Also, in some example implementations the input may be first input and the method may include receiving second input from a second camera indicated in the semantic map. The second camera may be different from the first camera. Here the method may also include using location data for the second camera as indicated in the semantic map and using the second input to generate the 3D model of the at least one object via the NeRF neural network.

In various example implementations, the input from the first camera may include at least one two-dimensional (2D) image from the first camera.

Also in various example implementations, the method may include determining that no people are present within a real-world space in which the at least one object is located. Based on the determination, the method may include using the location data for the first camera as indicated in the semantic map, the input, and the NeRF neural network to generate the 3D model of the at least one object.

In another aspect, at least one computer readable storage medium (CRSM) that is not a transitory signal includes instructions executable by a processor assembly to access a semantic map and to receive input from at least a first camera indicated in the semantic map. The instructions are also executable to use location data for the first camera as indicated in the semantic map, the input, and a neural radiance field (NeRF) neural network to generate a three-dimensional (3D) model of at least one object indicated in the semantic map.

In certain example implementations, the instructions may be executable to use location data for the at least one object as indicated in the semantic map to generate the 3D model of the at least one object. The instructions might even be executable to determine an angle from the first camera to the object based on the location data for the first camera and the location data for the object, and to use the angle as input to the NeRF neural network to generate the 3D model.

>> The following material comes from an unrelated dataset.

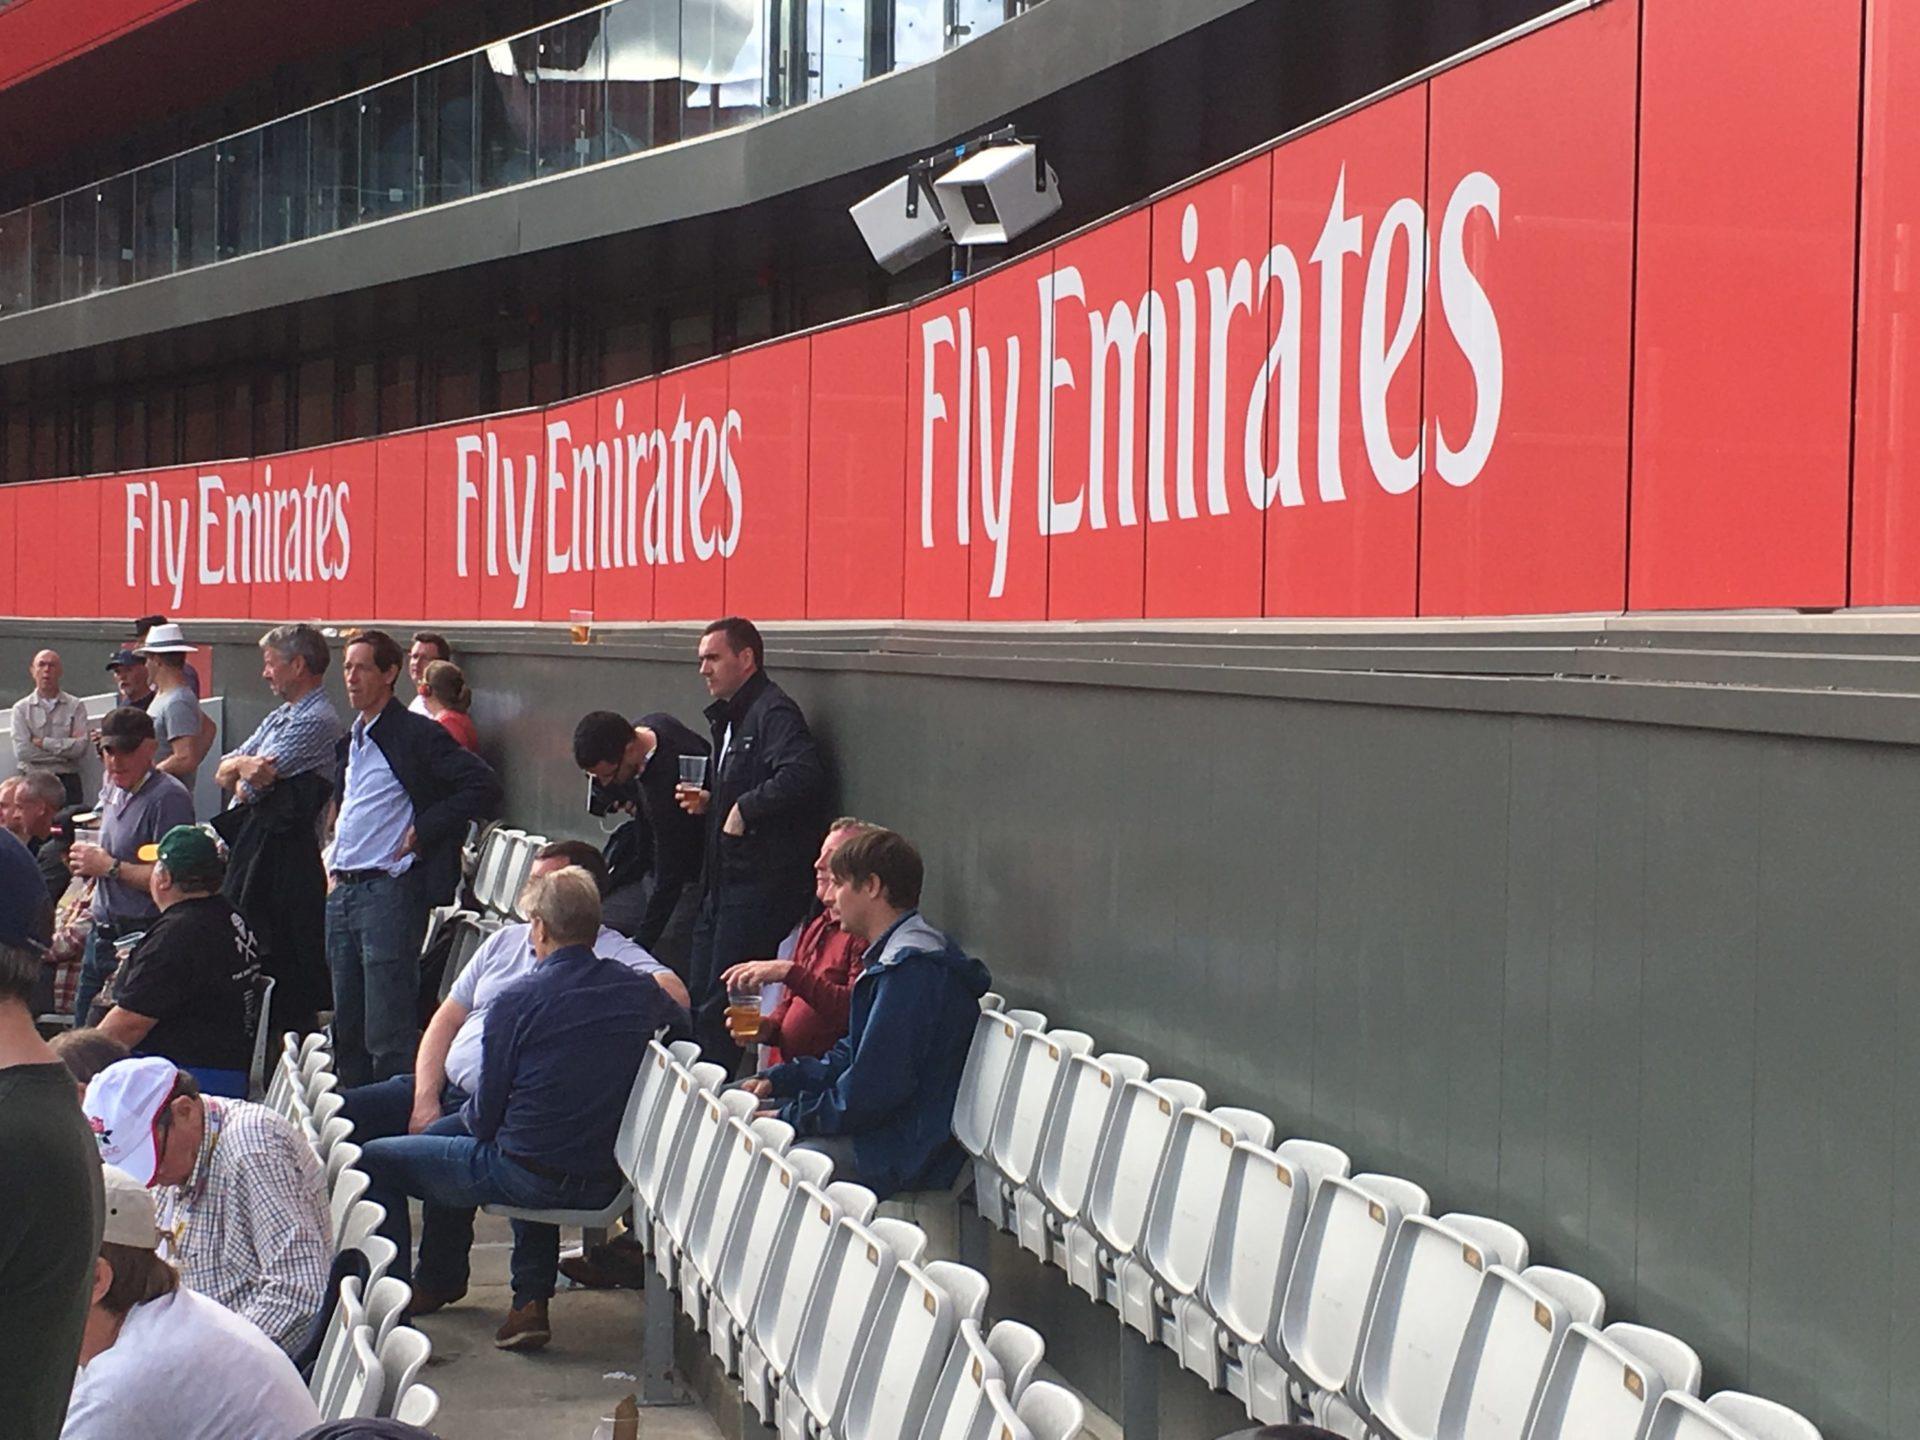 emirates-pitch-surround-perforated-vinyl

If desired, in some example embodiments the input may be first input and the instructions may be executable to receive second input from a second camera indicated in the semantic map, where the second camera may be different from the first camera. The instructions may also be executable to use location data for the second camera as indicated in the semantic map and to use the second input to generate the 3D model of the at least one object via the NeRF neural network.

Also in certain examples, the input from the first camera may include plural two-dimensional (2D) images from the first camera that are taken within a threshold time of each other.

The details of present principles, both as to their structure and operation, can best be understood in reference to the accompanying drawings, in which like reference numerals refer to like parts, and in which:

BRIEF DESCRIPTION OF THE DRAWINGS

FIG. 1 is a block diagram of an example system consistent with present principles;

FIG. 2 is an illustration of an example real-world space that is semantically mapped consistent with present principles;

FIG. 3 shows an example graphical user interface (GUI) that may be used to select an object from the real-world space for which to create a 3D model using a semantic map and a NeRF neural network consistent with present principles;

FIG. 4 shows an example GUI that may be presented on a display when additional camera coverage would be useful for 3D model creation;

FIG. 5 illustrates example logic in example flow chart format that may be executed by a device consistent with present principles; and

FIG. 6 shows an example settings GUI that may be presented on a display to configure one or more settings of a device to operate consistent with present principles.

DETAILED DESCRIPTION

Among other things, the detailed description below discusses using a semantic map to efficiently create a 3D model using a neural radiance field (NeRF) neural network, saving power and processor resources in at least some instances.

A NeRF neural network itself may represent and render realistic 3D scenes based on an input collection of 2D images. NeRF neural networks consistent with present principles may thus be configured to use inverse rendering and approximate how light behaves in the real world, enabling the NeRF neural network reconstruct a 3D scene from 2D images taken at different angles. The NeRF neural network may do so, for example, using a few dozen images taken from multiple positions around the scene, as well as using the camera position for each of those shots.

Semantic mapping technology may also be used consistent with present principles. Thus, semantic mapping may be used for a space, with object recognition capability in the map. Also note that an object in the map may have known coordinates for it indicated within the map. Accordingly, in one particular aspect, semantic mapping of a space may be accomplished through scanning via cameras to create a point cloud for various objects as well as 3D coordinates for the objects/points in the cloud themselves. Additionally, object recognition and/or other artificial intelligence (AI)-based systems can be used with the scanning process such that objects may be identified from a data training set as part of the scan and then labelled accordingly inside the space to achieve semantic understanding. Thus, the AI-enhanced map may not only create a 3D feature-rich map but also contain data like instances of objects recognized, their names, and their respective locations inside the mappable space. Utilizing semantic understanding, a device may thus identify precise location coordinates for various objects represented in the map.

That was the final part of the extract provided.